Task statement: Would you repeat word for word the lines of the listing that follows, from the one with "Closed-up view of" up to and including the one with "Pickle Ball, It's", and leave out the images?

Records for this exercise:
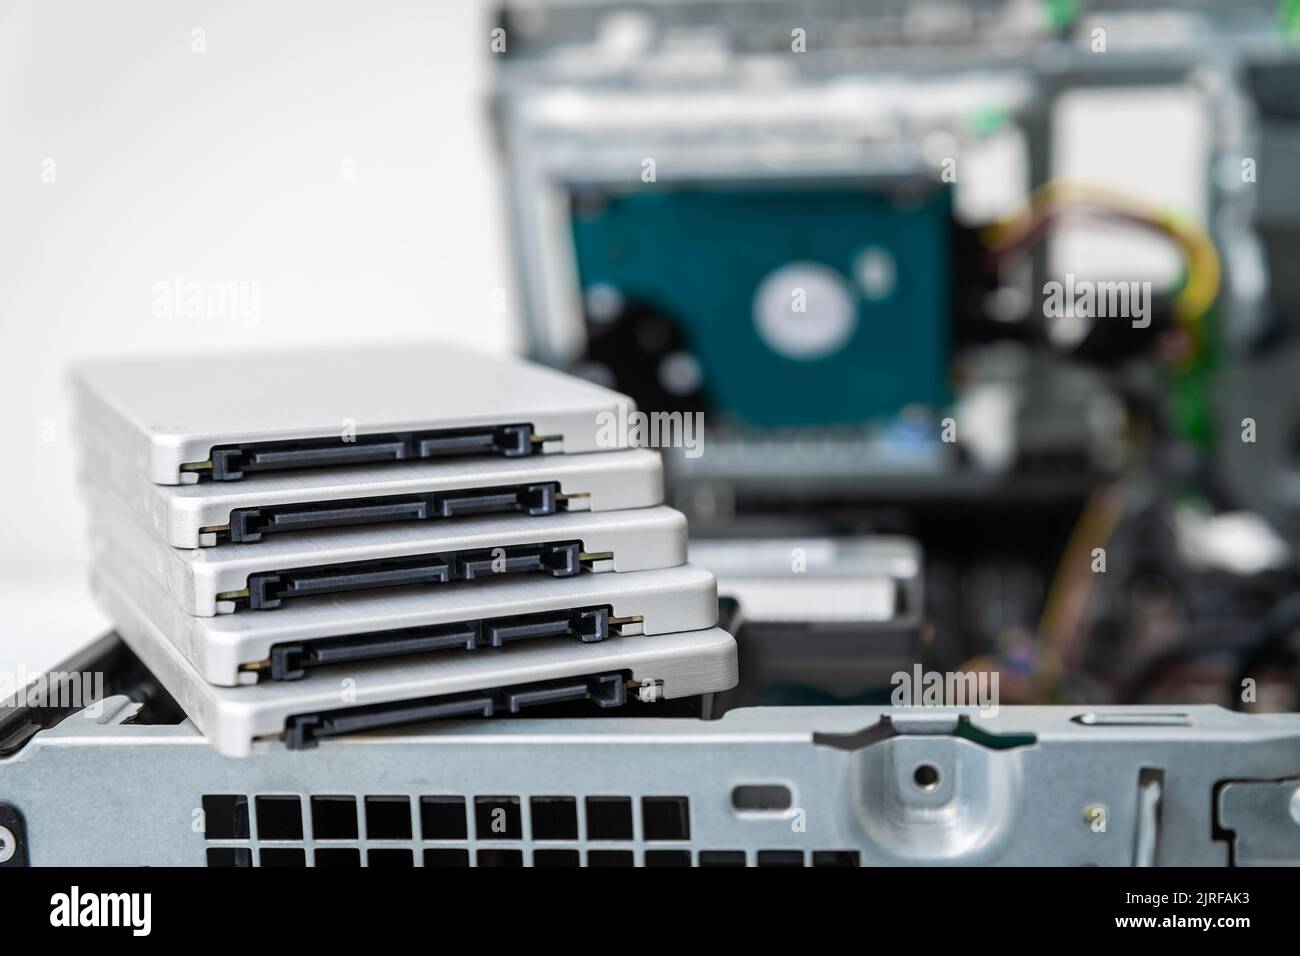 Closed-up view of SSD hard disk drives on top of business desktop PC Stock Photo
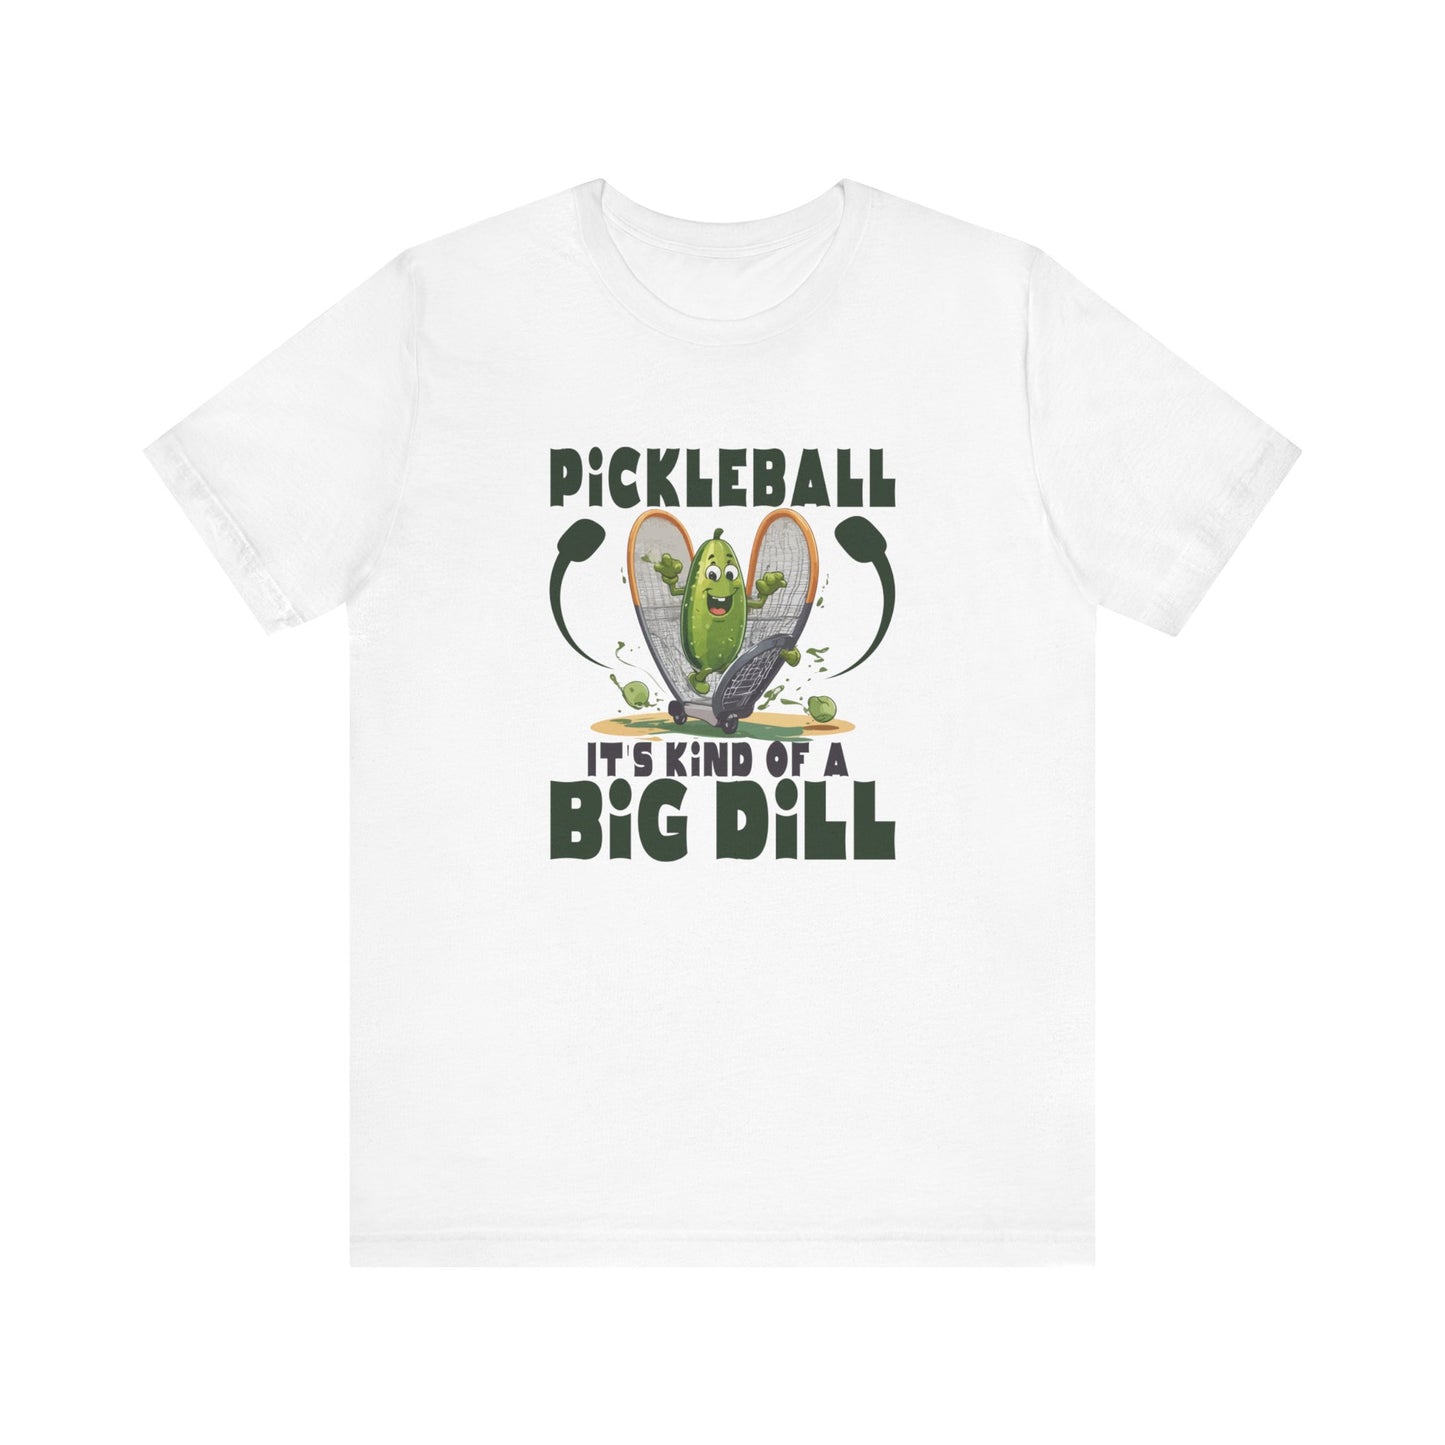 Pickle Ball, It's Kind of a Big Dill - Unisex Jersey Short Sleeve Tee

==

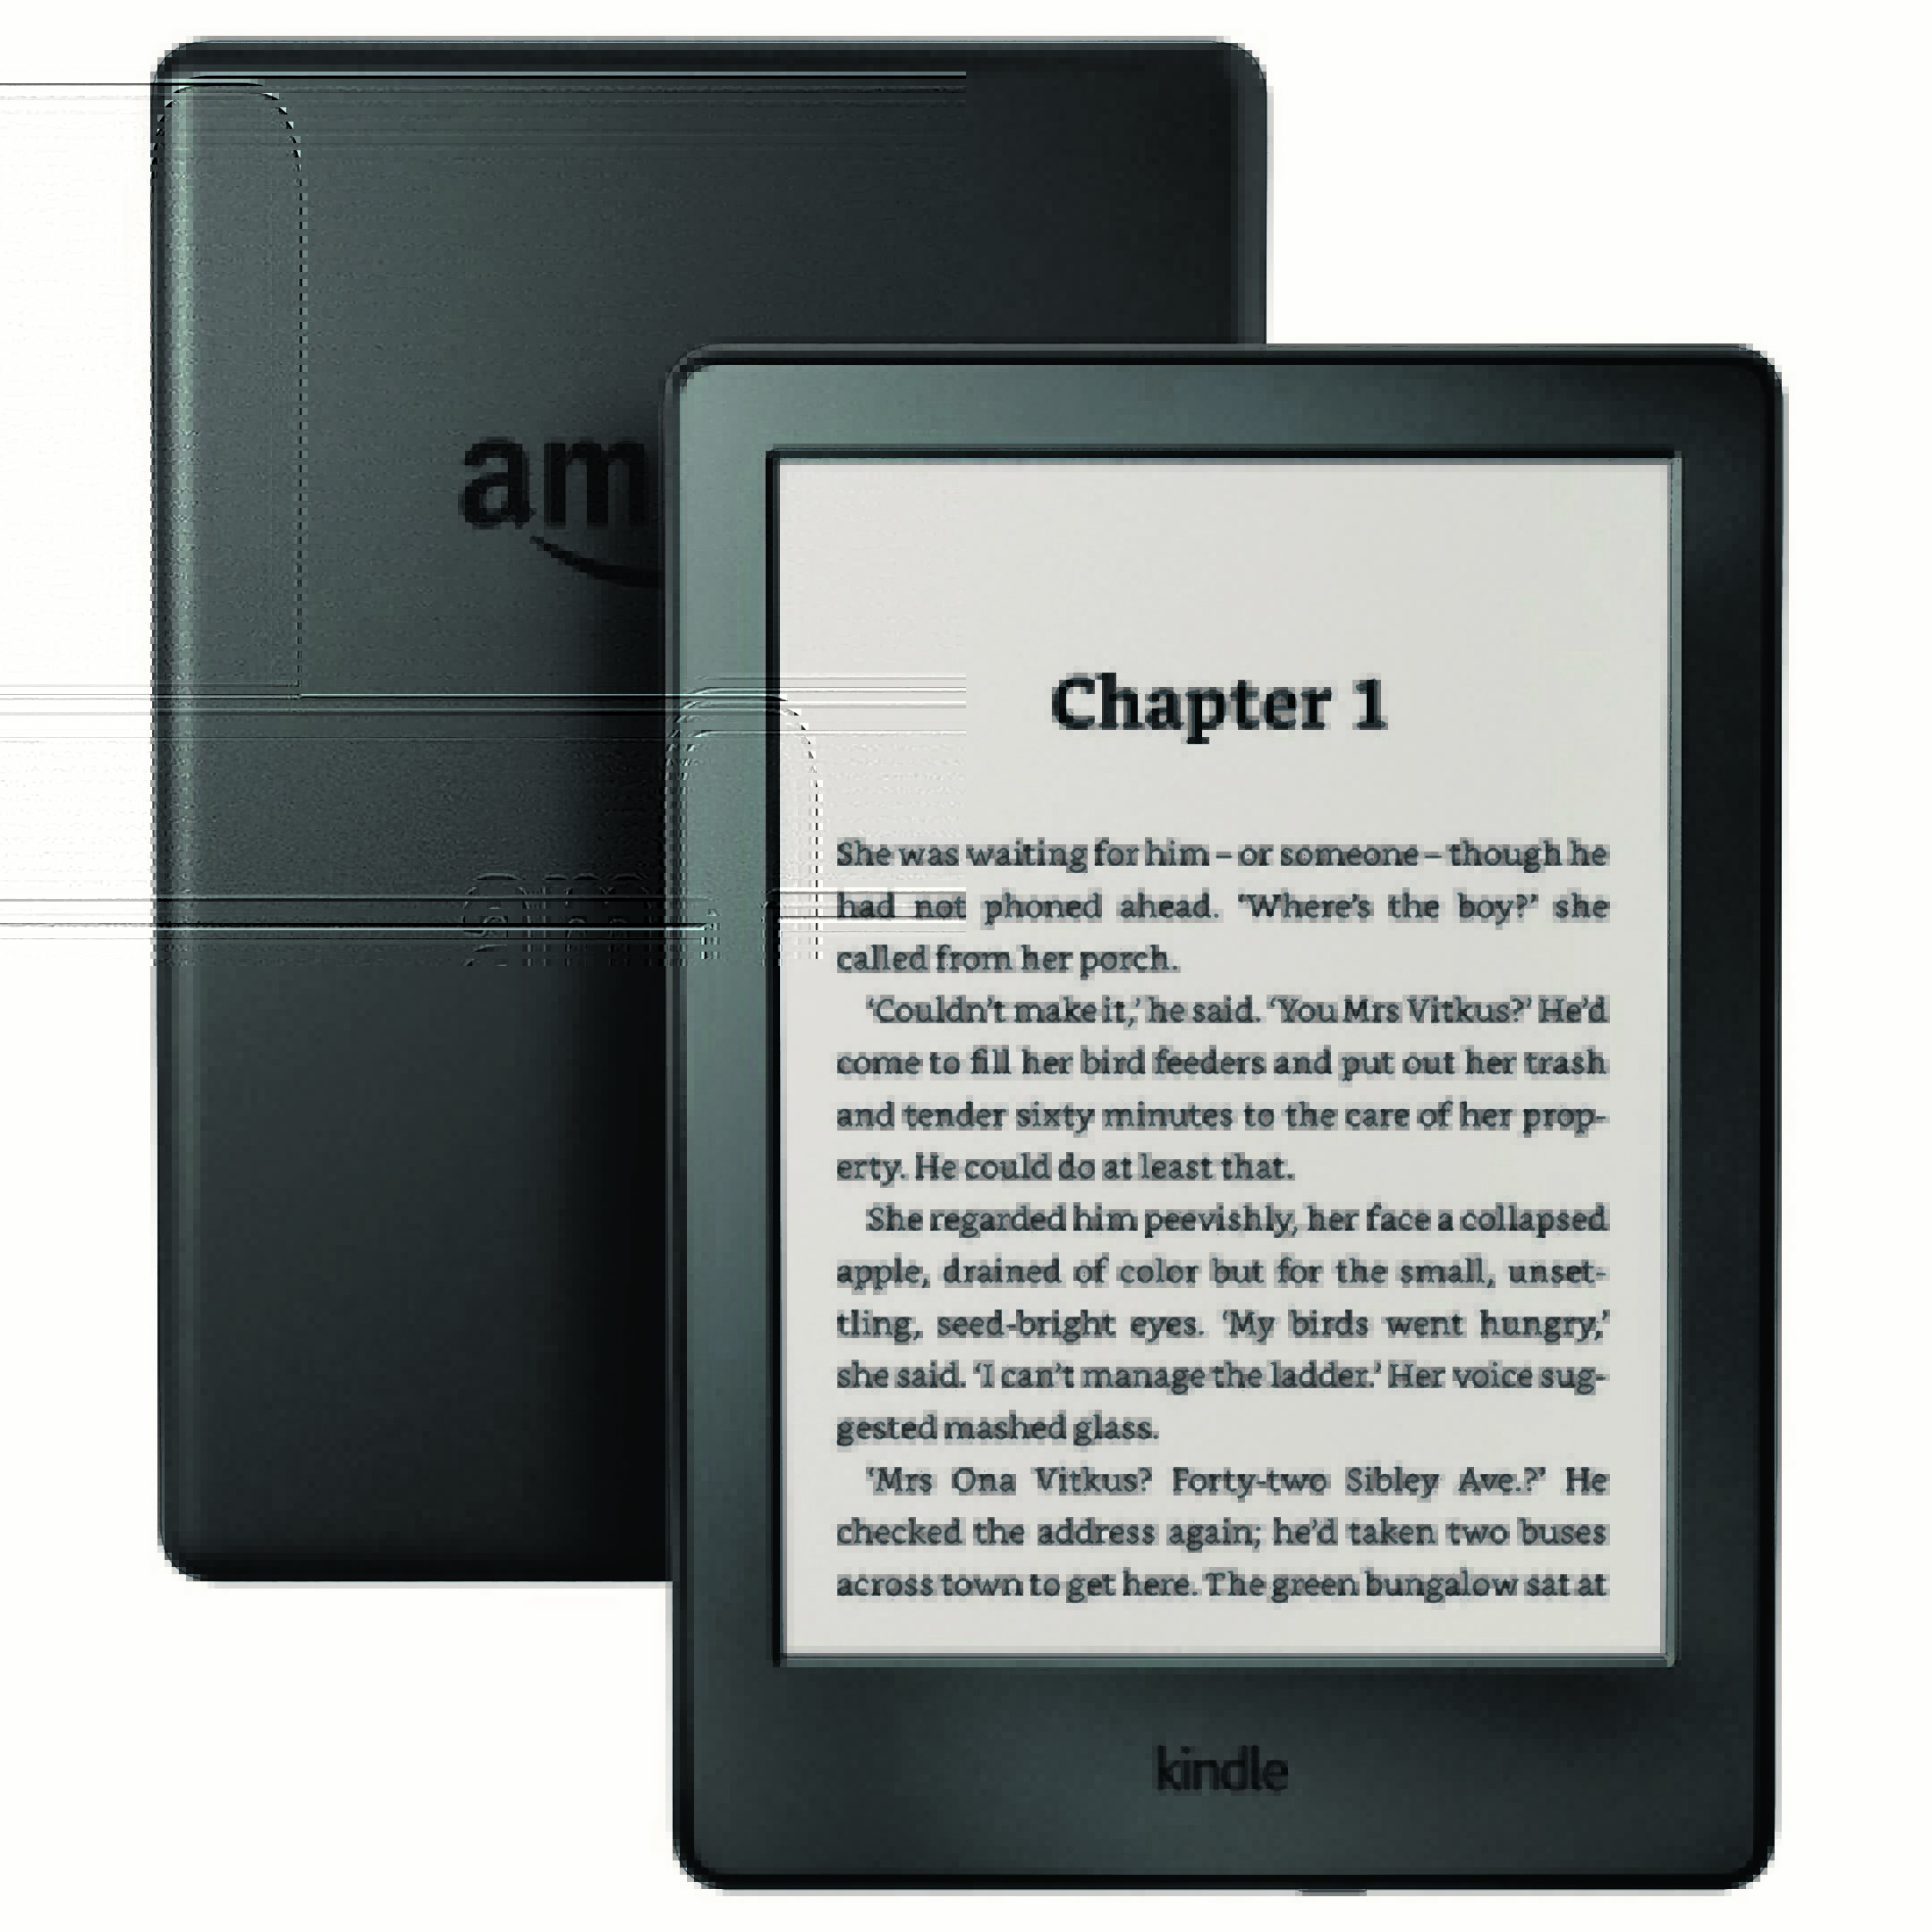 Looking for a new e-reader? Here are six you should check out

Solution for this problem:
 Closed-up view of SSD hard disk drives on top of business desktop PC Stock Photo
 Pickle Ball, It's Kind of a Big Dill - Unisex Jersey Short Sleeve Tee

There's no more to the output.